As also previously described in a first feasibility report [2] 3D T1w, T2w FLAIR (T2w sequence with complete cerebrospinal fluid suppression), 2D T2*w, and 2D T2w sequences were used for anatomical imaging. In addition, a DWI sequence and a resting-state functional sequence (72 images at baseline and first follow-up and an extended version with 133 images at third and fourth follow-up) were performed. The parameters of the core protocol are listed in Table 2. All data were acquired with a single channel transmit/receive birdcage head coil.

Emotion processing task

The emotion processing task was performed only at baseline (s0). It was a short version of a previously published functional MRI (fMRI) paradigm investigating neural responsiveness to happy and sad facial expressions in major depression [13, 14]. Facial stimuli consisted of sad, happy, and neutral expressions [14]. Subjects were presented with alternating 20-s epochs of a facial emotion category interleaved with 10-s epochs of a no-face baseline (crosshair). In a passive viewing task, facial stimuli were presented twice per second for 500 ms in a random sequence within each face category. Each 20-s face category epoch was followed by a 10-s no-face epoch and was presented twice, resulting in a total presentation time of 3 min. The order of blocks was sad-neutral-happy-sad-neutral-happy for each participant. For the emotion processing task, T2* functional data were acquired using a single-shot echo-planar sequence, with parameters selected to minimize distortion in the region of central interest, while retaining adequate signal-to-noise ratio and T2* sensitivity. Volumes consisting of 35 slices were acquired (parameters are listed in Table 2).

MRI plus protocol

For approximately 200 randomly selected participants in each of the population-based and depression cohorts, an additional MRI protocol (BiDirect Plus, Table 4) with higher-resolution anatomic sequences including 3D T1w, 3D T2w, 3D FLAIR, and 3D (combined) multiecho fast field-echo was performed at follow-ups 2 and 3. Data were acquired using a six-channel phased array head coil. The plus protocol parameters are listed in Table 4.

Quality control

There was no hardware upgrade after the start of the MRI study. The software updates did not alter the imaging features of the sequences reported here. A routine checkup of the scanner performance consisted of a mainly weekly Periodic Imaging Quality Test (PIQT) applying a vendor-provided head phantom measured in a birdcage head coil. The parameters tested were signal-to-noise ratio, geometric distortion, and floodfield homogeneity. The vendor service was called if the parameters exceeded specific limits defined by the vendor.

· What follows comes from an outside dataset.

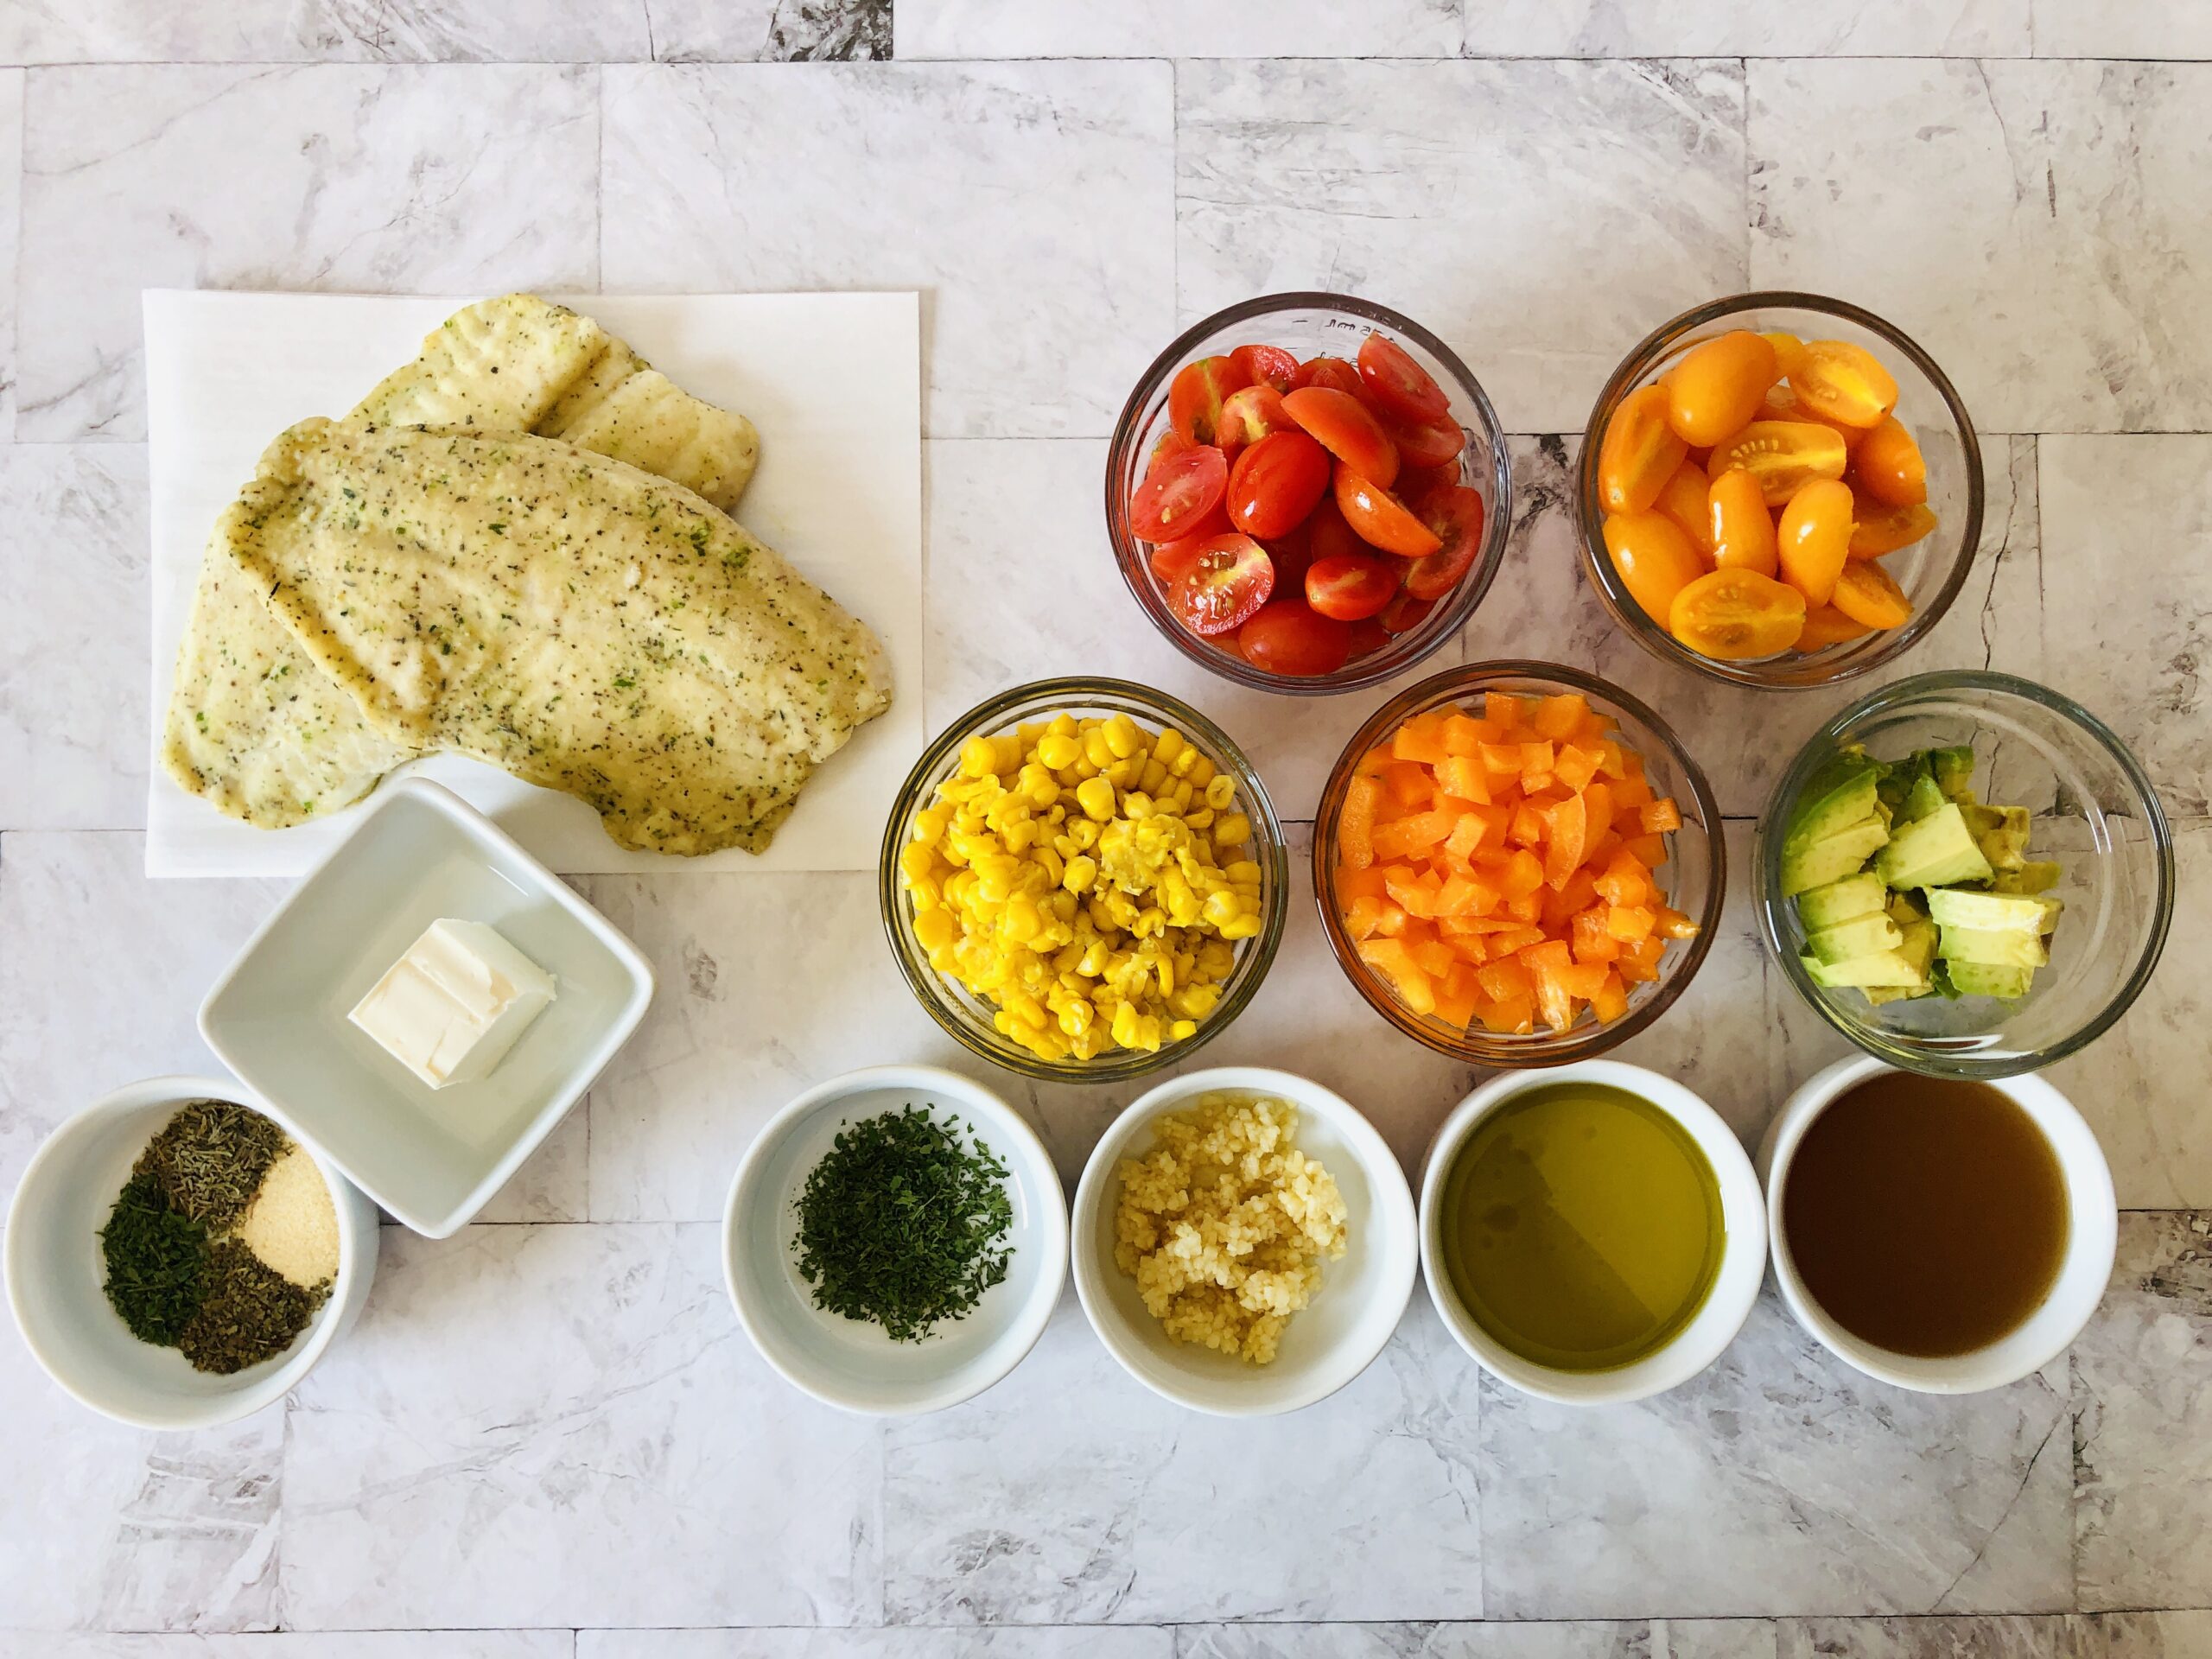 Various fresh ingredients and seasonings for Baked Haddock with Corn Salad are arranged neatly on a marble countertop, ready for cooking.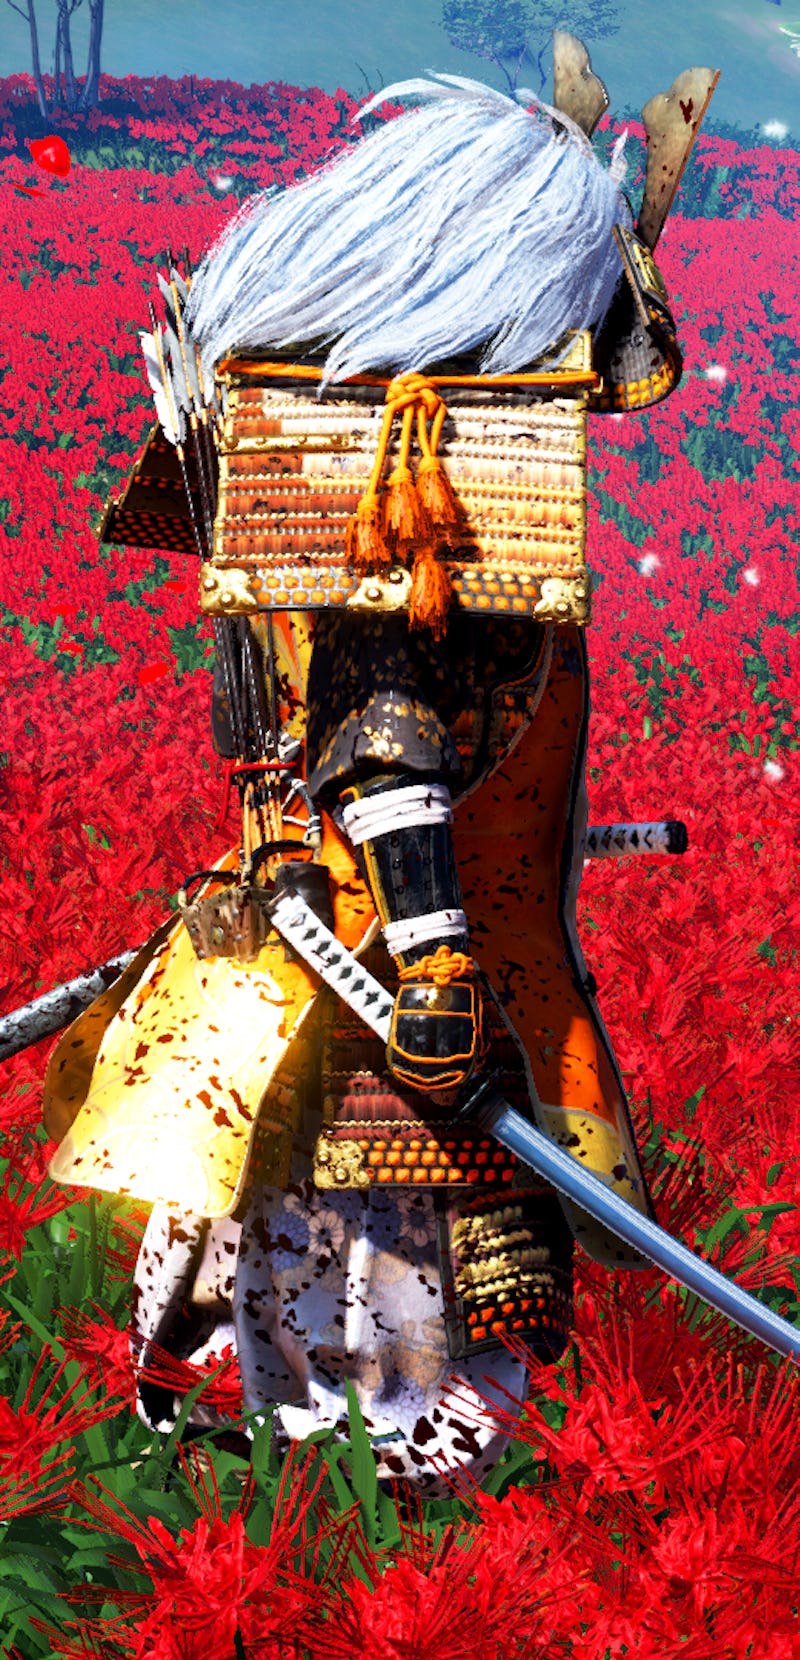 One of the 5 most powerful Ghost of Tsushima armor sets in yellow and black

During the lifetime of the scanner, the highest diagnostic image quality was maintained. Measures of quality control on manual segmentations of white matter hyperintensities (WMH) have been published in [3].

All images were reviewed for incidental findings by (neuro)radiologists in a setting comparable to routine clinical diagnostics. The description of this procedure and the respective results have been previously published in Teuber et al. [2]. An experienced team of neuroradiologists, neurologists, and epidemiologists met regularly to decide by consensus which findings were clinically relevant and should be reported to the participants [2]. The presence and nature of all incidental findings were also included in the study database to allow the adaptable application of inclusion and exclusion criteria for all subsequent data analyses.

All metadata were extracted from the DICOM headers and matched to the BiDirect database to avoid misclassification by ID, age, or sex and to check for deviations from standard MRI protocol (e.g., different resolution, echo time, voxel size). We processed each image using the fully automated MRIQC pipeline [8] to assess image quality. In addition, we use the “BIDSconvertR” Shiny app [15] to provide quick visual access to each sequence and participant.

Standardization

All MRI data was saved and synchronized weekly in DICOM format. The data was then converted to Neuroimaging Informatics Technology Initiative and structured into the BIDS specification [12] using the in-house developed R-package BIDSconvertR [15]. DICOM images were converted with dcm2niix (Linux; v1.0.20190902 [16]), and all potentially identifying information was removed from the header. All sequences were renamed and copied to the BIDS specification [12] and irrelevant sequences (e.g., localizer) were discarded.

Analysis tools and available markers

Structural and functional markers were derived only from the core protocol using established tools and pipelines (Fig. 5, Table 5).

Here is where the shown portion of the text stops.